*** Provided information Section Begins ***
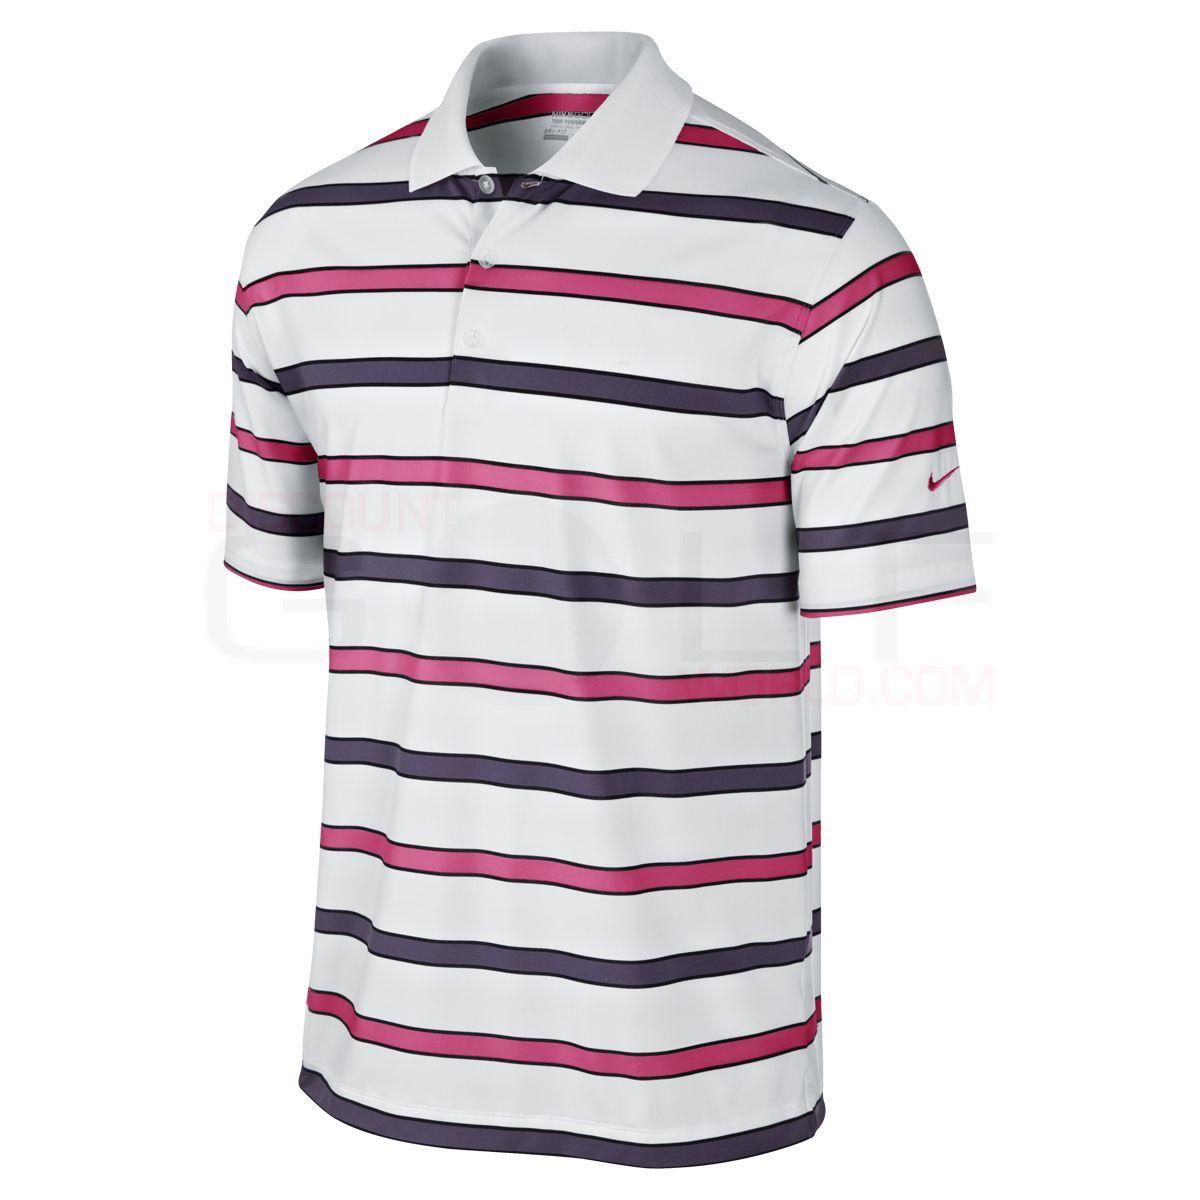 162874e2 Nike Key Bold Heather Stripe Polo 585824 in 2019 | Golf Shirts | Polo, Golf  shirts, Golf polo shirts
*** Provided information Section Ends ***
*** Provided information Section Begins ***
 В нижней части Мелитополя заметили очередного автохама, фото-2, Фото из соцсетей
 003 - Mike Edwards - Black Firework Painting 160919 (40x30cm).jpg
*** Provided information Section Ends ***
*** Provided information Section Begins ***
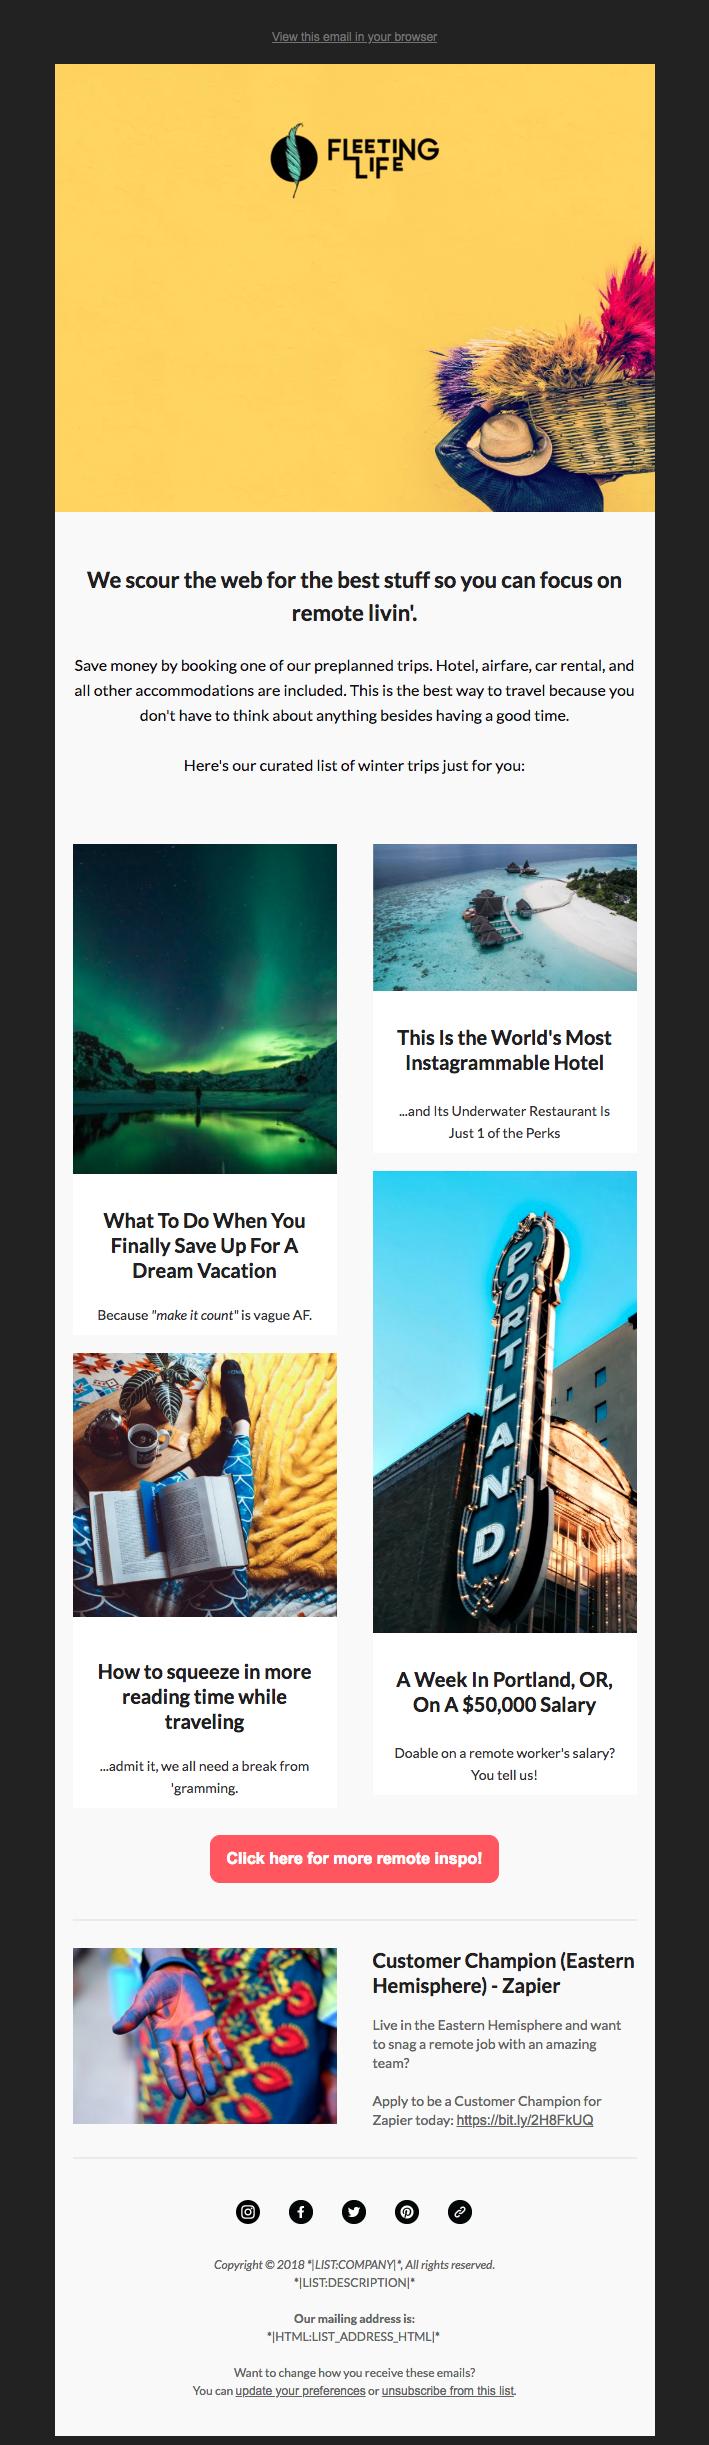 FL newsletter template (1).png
*** Provided information Section Ends ***
Restate word for word the lines of the data above, starting at the line containing "В нижней части" and ending at the line containing "003 - Mike Edwards", both included, and nothing more.

 В нижней части Мелитополя заметили очередного автохама, фото-2, Фото из соцсетей
 003 - Mike Edwards - Black Firework Painting 160919 (40x30cm).jpg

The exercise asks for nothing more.